A proposito di Dio, egli lo dimostra secondo tre prove:

1. L’idea divina, infinita, eterna, onnipotente non è stata generate dall’uomo, non è possibile secondo
Cartesio che l’uomo, essere imperfetto(poiché dubita di sé), sostanza finita sia la causa generante di
una sostanza infinita, la quale dovrà consequenzialmente, essere ammessa come esistente.
2. Dio ci ha creati, se l’uomo fosse la causa di se stesso si sarebbe dato le perfezioni che invece
concepiamo nell’idea di Dio.
3. Non è possibile concepire Dio come Essere perfetto senza ammettere la sua esistenza perché essa fa
parte delle perfezioni.

Dio inoltre funge da garante per ciò che appare evidente, il ponte tra la certezza interiore e la certezza
pura.
Le sostanze cartesiane (il dualismo)
Cartesio, a seguito della dimostrazione di Dio, spezza la realtà in due zone distinte

1. La sostanza pensante (res cogitans), inestesa, consapevole e libera.


2. La sostanza estesa (res extensa), inconsapevole e legata a principi deterministici.

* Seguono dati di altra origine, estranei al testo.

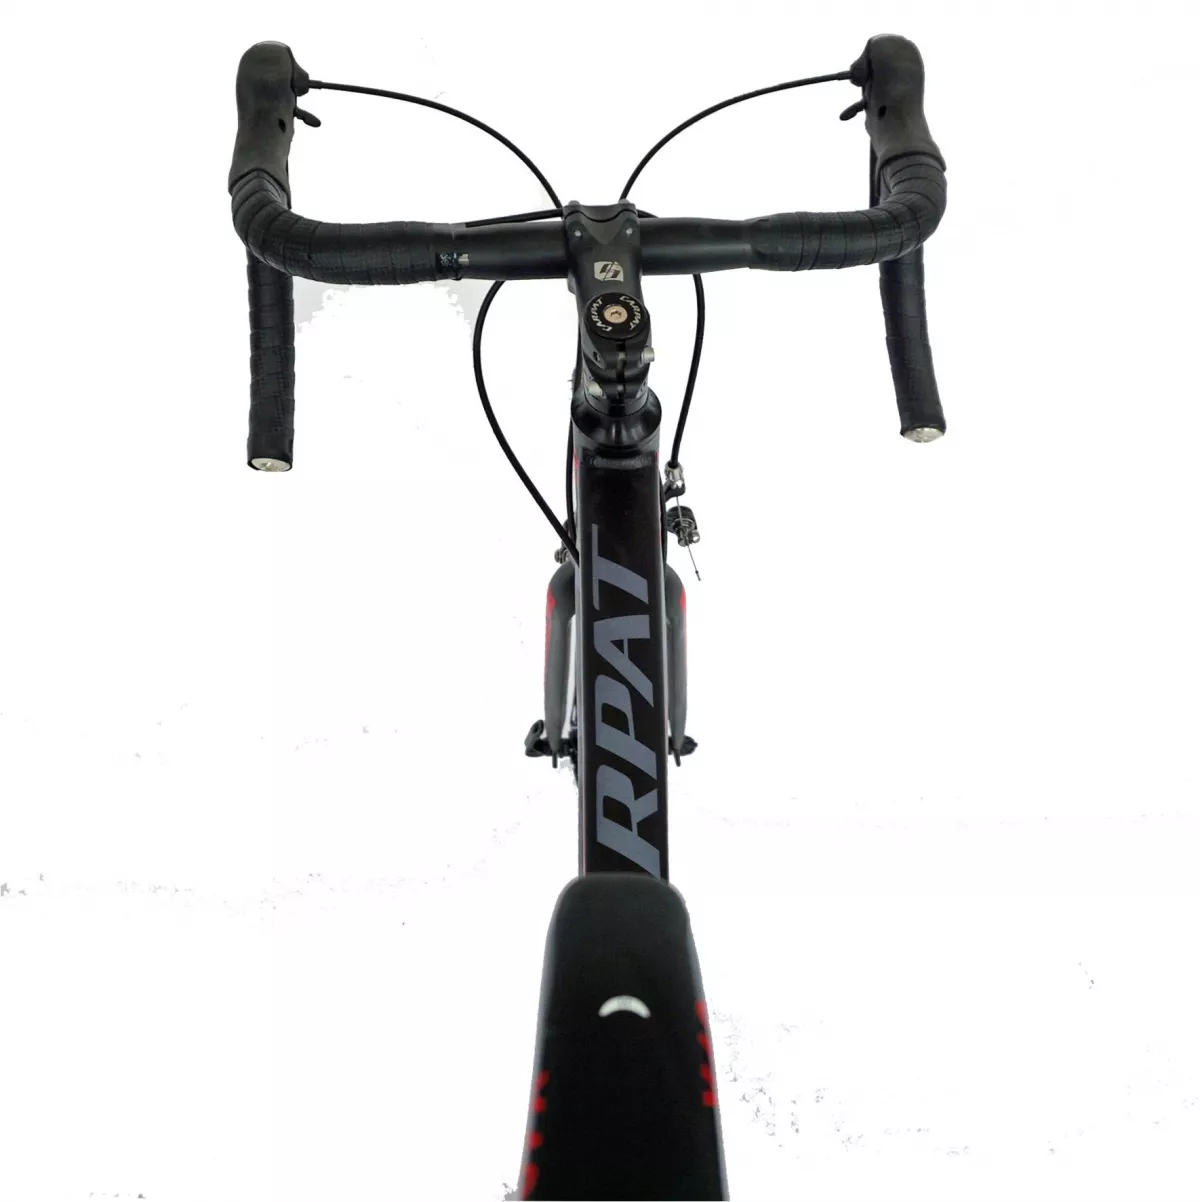 Bicicleta Road  28" CARPAT C2874C, cadru aluminiu, transmisie SHIMANO 14 viteze, culoare negru/rosu - RESIGILATA

L’uomo essendo formate da entrambe, trova punto d’unificazione nella ghiandola pineale.

La geometria
La Geometria è la parte più importante del Discorso sul Metodo ed è l’atto di nascita della geometria
analitica. Cartesio è consapevole dell’unità delle diverse scienze matematiche, e ritiene quindi possibile
unificare la geometria degli antichi con l’algebra dei moderni. L’operazione per Cartesio richiede
l’assunzione di un’unità di misura, che traduca il numero in distanza, e di una coppia di linee fondamentali,
gl’assi cartesiani, prese come riferimento. Gli elementi geometrici (linee, punti, curve) si possono così
identificare sugli assi tramite procedimenti algebrici.

La fisica
La fisica di Cartesio vuole ricondurre tutti i fenomeni del mondo all’estensione e al moto, entrambi originati
da Dio, che gli ha poi forniti alla res extensa: due principi di conservazione del moto e della materia
deducibili dall’immutabilità di Dio (se Dio è immutabile lo è anche ciò che Egli crea). Altri interventi di Dio
nel mondo non sono necessari, come disse Pascal, al Dio Cartesiano basta dare il primo calcio al mondo. Ci
sono delle difficoltà però che derivano dalla riduzione della fisica alla geometria. Non è facile concepire il
movimento in uno spazio perfettamente omogeneo e indifferenziato, quindi Cartesio conclude che esistano
frammenti di spazio che si muovono rispetto ad altri, ma non si capisce come si possa notare il moto se lo
spazio è uniforme. Per quanto concerne il vuoto egli non ne ammette l’esistenza, secondo lui l’etere, che è
ciò che noi chiamiamo vuoto, è in realtà formato da corpuscoli, frammenti minuscoli di estensione, privi di
coerenza perché soggetti ognuno a differenti condizioni inerziali. Consequenzialmente quando un corpo si
muove nella materia sottile (etere), essa si dovrà richiudere su se stessa. Ciò produce dei vortici, vortici che
avvolgono la terra, i pianeti e il sole.

La filosofia pratica
Nel Discorso sul metodo, Cartesio espresse anche i principi di quella che definì un’«etica provvisoria», che
avrebbe dovuto precedere quella definitiva. Egli propose, quindi, tre massime, che si rifacevano ai principi
dello stoicismo:

1. Bisogna obbedire alle leggi e ai costumi (anche religiosi) del paese in cui ci si trova;
2. Bisogna essere determinati nelle proprie azioni, una volta che si è scelta la risoluzione più probabile;
3. Bisogna cercare di vincere sé stessi più che la fortuna o il mondo.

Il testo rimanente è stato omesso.